Он остался внутри кошмара, даже выйдя на крыльцо, отыскав небо на привычном месте, перешучиваясь с ожившим Мухой, - и как попытки выбраться из болота заставляют увязать всё глубже, так эти будничные шутки и реплики тянули его в топи страха, на миг показавшего себя пузырями немотивированного зла, густой жижей насилия. Усилие немедленно всё забыть только раззадоривает память, старит его лицо. (Как-нибудь потом я скажу ему, что старческое беспамятство не разглаживает морщин.) Его чёткий профиль оплывает, красивые губы изъязвлены кислотой времени, и вот он - такой, каким будет через сорок лет, - подносит к сигарете огонь боязливым движением гнусного, жадного старика.

Стайка ребятишек выскочила на волю следом за нами. "А хочешь мордой об асфальт?" - бодро крикнул один другому, и остальные загоготали, теснясь и исподтишка дергая травимого пацана за куртку. Выскочил какой-то колченогий, седой, перекошенный ужасом, со свежим укусом хлыста на щеке. "Звонок был, звонок! - вопил он. - Живо все в класс на контрольную!" Какая-то женщина ("мамашу чью-то к завучу вызвали", - прошептал Муха) подошла и замерла, глядя, как колченогий, сам уворачиваясь от ударов, отскакивая, наскакивая и мелко подпрыгивая, прицельно бьёт своих учеников стиснутым кулаком по ушам. ("Оглох? Оглох? Так сейчас оглохнешь!") Наконец все, включая женщину ("когда моих раз вызвали, потом так били, так били, а с ними-то что там делали?"), исчезли за хлопнувшей, как пасть, дверью, и быстрый тревожный шёпот Мухи окреп до нормального, вместе со звуком набирающего уверенность, голоса. "Как по-другому с гадёнышами?" - сказал он Фиговидцу. "Помнишь, это же наш математик?" - сказал он мне. Я заметил крупную ворону, которая, как на качелях, раскачивалась на ветке дерева неподалёку. Она всё ещё качалась - на другой ветке другой берёзы, возможно, и ворона была совсем другая, но с тем же острым наглым взглядом, - когда мы вслед за своими ящиками и барахлом забирались ранним утром в автобус дружинников.

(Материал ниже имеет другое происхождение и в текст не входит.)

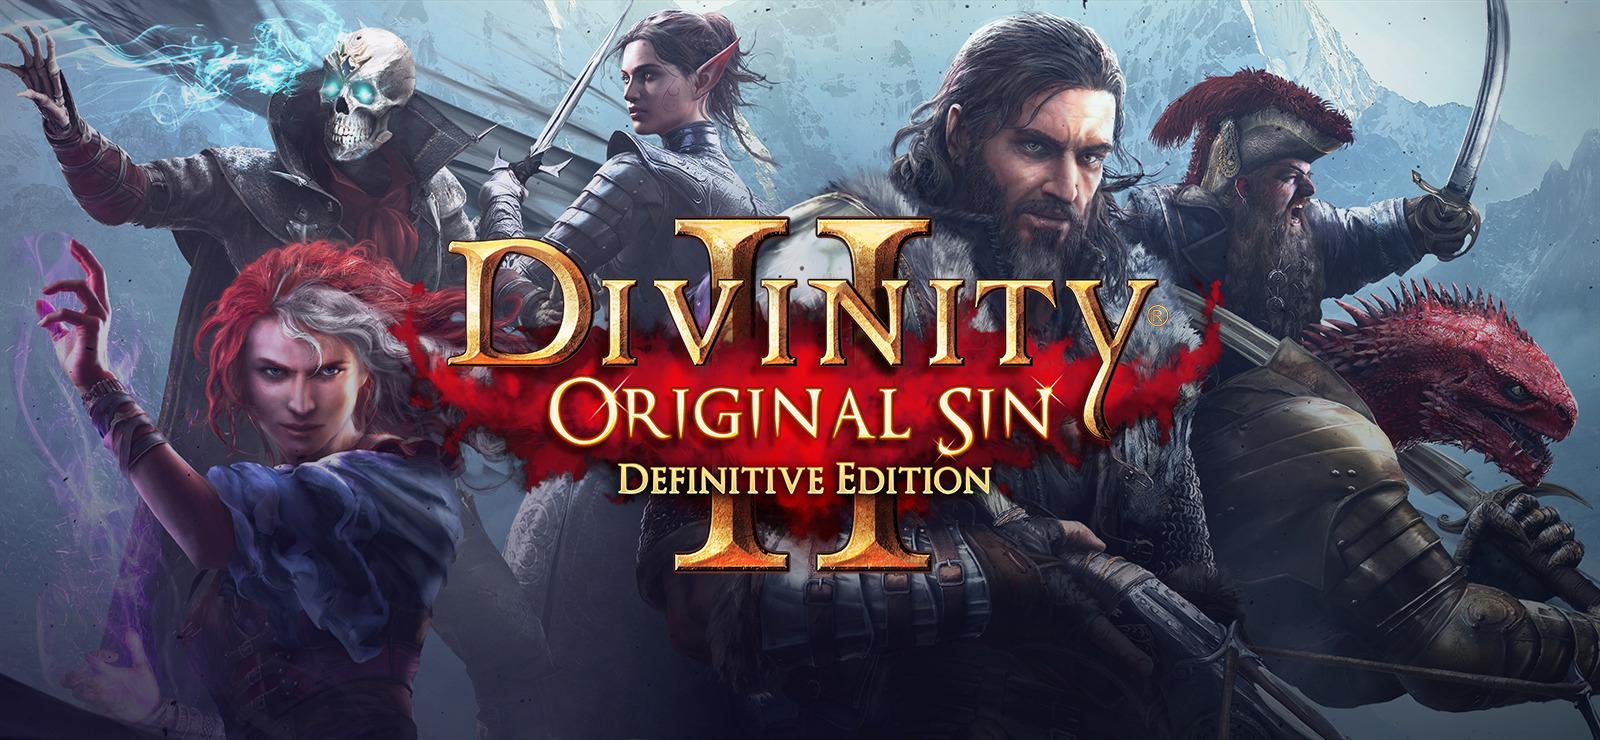 [PC] Divinity: Original Sin 2 - Definitive Edition (DRM-Free, VPN)
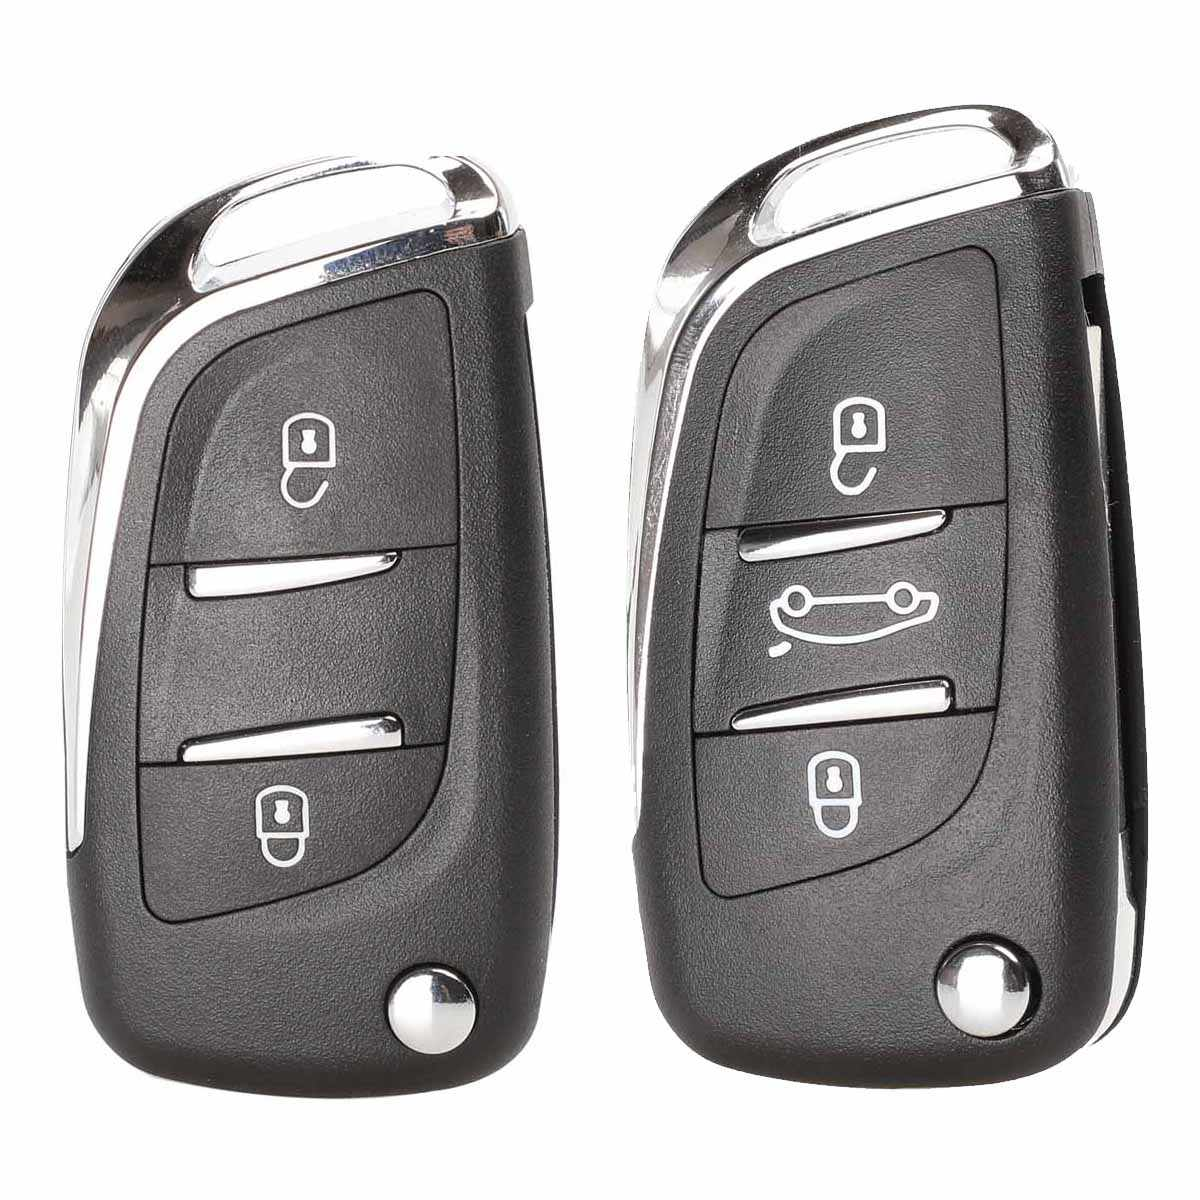 Jingyuqin พับรีโมทกุญแจรถ CE0536 สำหรับ Peugeot 407 307 408 308 CITROEN C2 C3 C4 C5 C6 XSARA GRAND PICASSO Groove

- Если что, посидишь на транках, - сказал я провожавшему нас Миксеру. - Но лучше будь осторожен.

Миксер заморгал, что-то проглотил, махнул лапой. Мы сели и поехали.

ЧЕРЕЗ ЧАС

1

Я сел на ящик с валютой и подставил лицо солнцу. Сидеть было неудобно, солнце грело уже сильно; в новом сияющем мире, который я скорее чуял, чем видел сквозь сомкнутые веки, было то же напряжение, что и в моём теле. За моей спиной ребята скрипели картой. ("Даже на твоей карте Джунгли закрашены серым, - шептал Муха. - Неужели они уже тогда были?" "Это была промзона, а не Джунгли, - шептал Фиговидец. - Заводы, железная дорога, тюрьмы. Видишь, написано ВЫБОРГСКАЯ СТОРОНА? Видишь, по серому дороги проложены? Уже сейчас, - зудел, шептал Фиговидец, - были бы на Охте, если ехать как положено".) Я вслушиваюсь в их шёпот. Мы сидим на ничейной опушке, и Муха рассказывает Фиговидцу всё, что мы знаем о наших ближайших соседях. (Текстиль, колбаса, молочная промышленность, ортопедический институт. "Больница у нас своя, ты что, - шепчет Муха, - как же без больницы. Но если нужен протез, только у них выписывают. Слышал анекдот про врача с Гражданки?")

- Почему вы шепчетесь?

Они дружно завозились.

- Так как-то, - смущённо, смиренно сказал Муха за всех. - Непривычно.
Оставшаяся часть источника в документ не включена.